Formulation and characterization of screen printable dopant ink for fabrication of polysilicon TFTs

To move the promise of printed electronics from the laboratory to volume production required adopting a new approach eliminating ink-jet printing and adopting instead a hybrid mature print and conventional process. Novel screen printable N+ and P+ dopant inks were developed to fabricate polysilicon thin film transistors (TFTs).
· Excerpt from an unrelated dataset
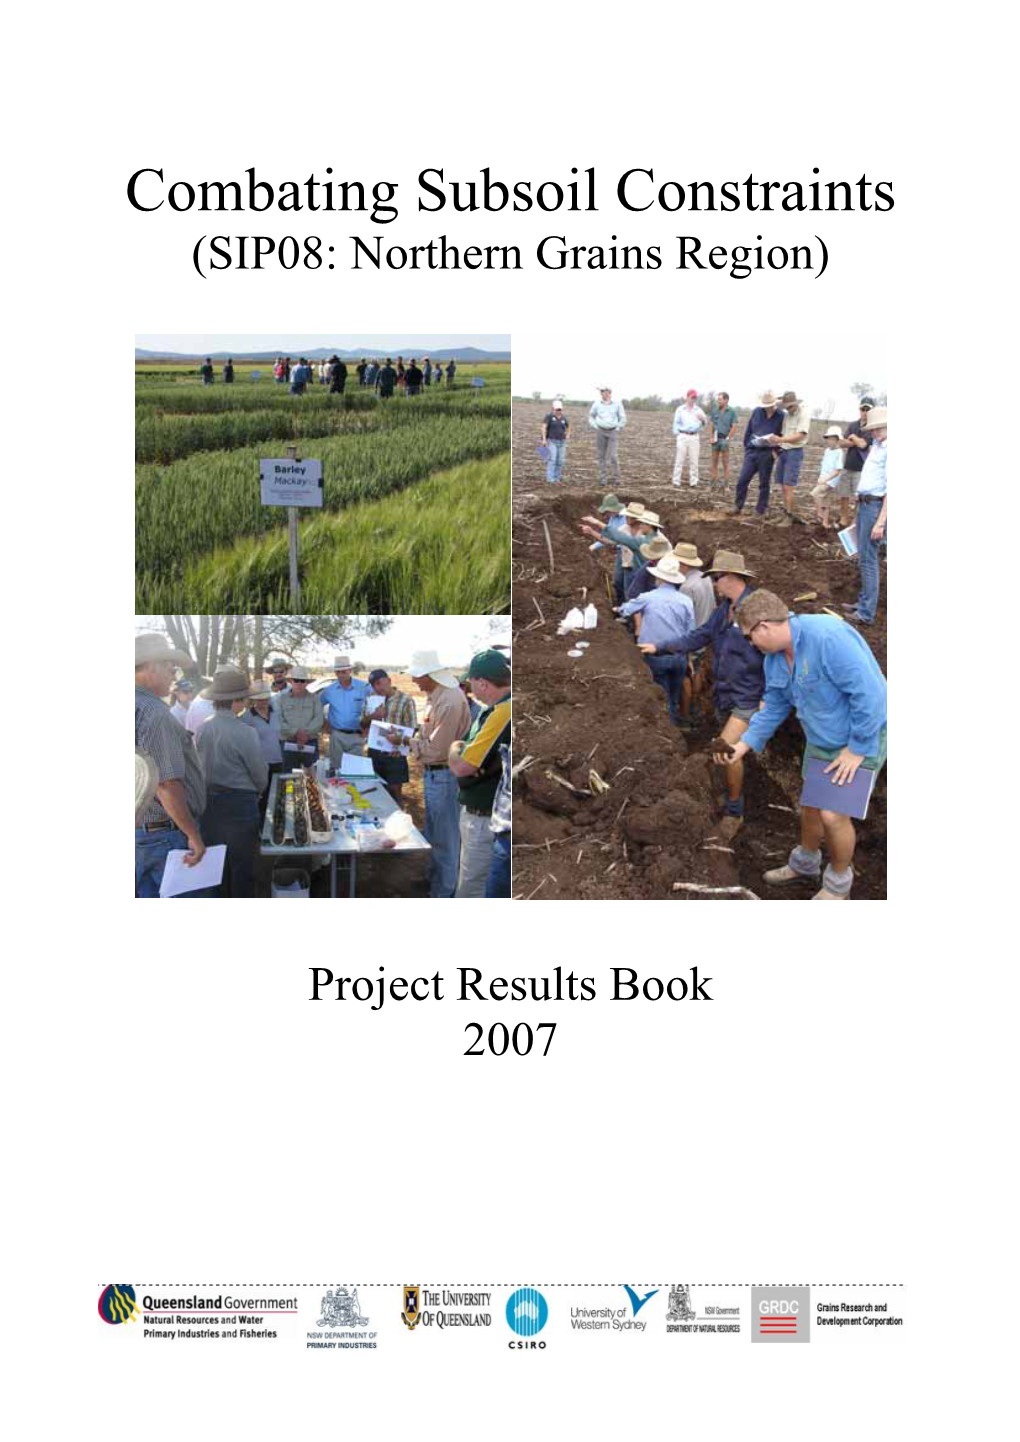 Combating Subsoil Constraints (SIP08: Northern Grains Region)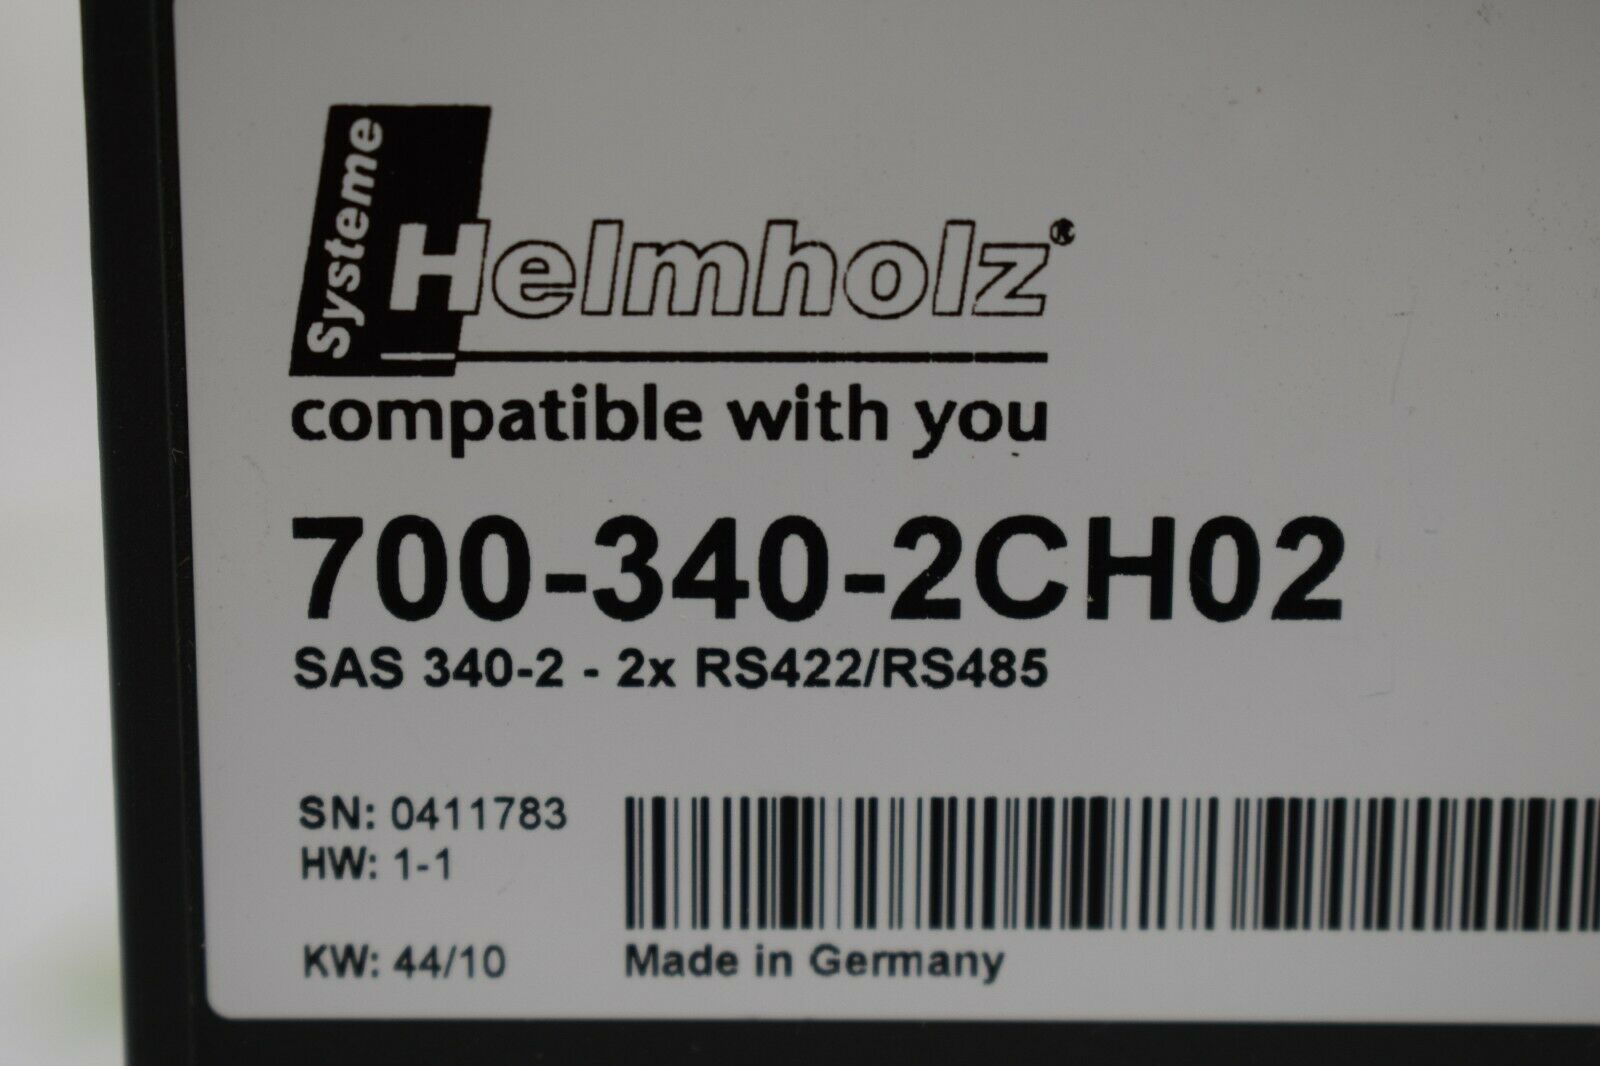 Helmholz 700-340-2CH02

Semiconductor-grade dopant inks were formulated from a combination of thermoset plastic with boron and phosphor compounds. Inks were screen printed on polysilicon active islands on a 300 mm square stainless-steel foil substrate. The drain and source of the top gate TFTs were then formed via a thermal anneal activation. The residue after annealing was removed with an inoffensive process to avoid damage to the thin silicon layer and gate oxide. Doping was uniform across 300 mm sheet substrate. The sheet resistance was modulated to 200 omega sq(-1) for the N+ and 1000 omega sq(-1) for the P+ active layer. Field mobility of polysilicon TFTs fabricated using this screen-printed dopant process were 80 cm(2)V s(-1) for PMOS and 200 cm(2)V s(-1) for NMOS using low-cost, mature equipment, and an easily manageable process that is both scalable and compatible with roll-to-roll manufacturing.

Automated summary

The development of novel screen printable N+ and P+ dopant inks, combined with a hybrid printing and conventional process, enabled the promotion of printed electronics from the laboratory to volume production. The resulting polysilicon TFTs exhibited high field mobility and were fabricated using low-cost, mature equipment and a scalable process compatible with roll-to-roll manufacturing.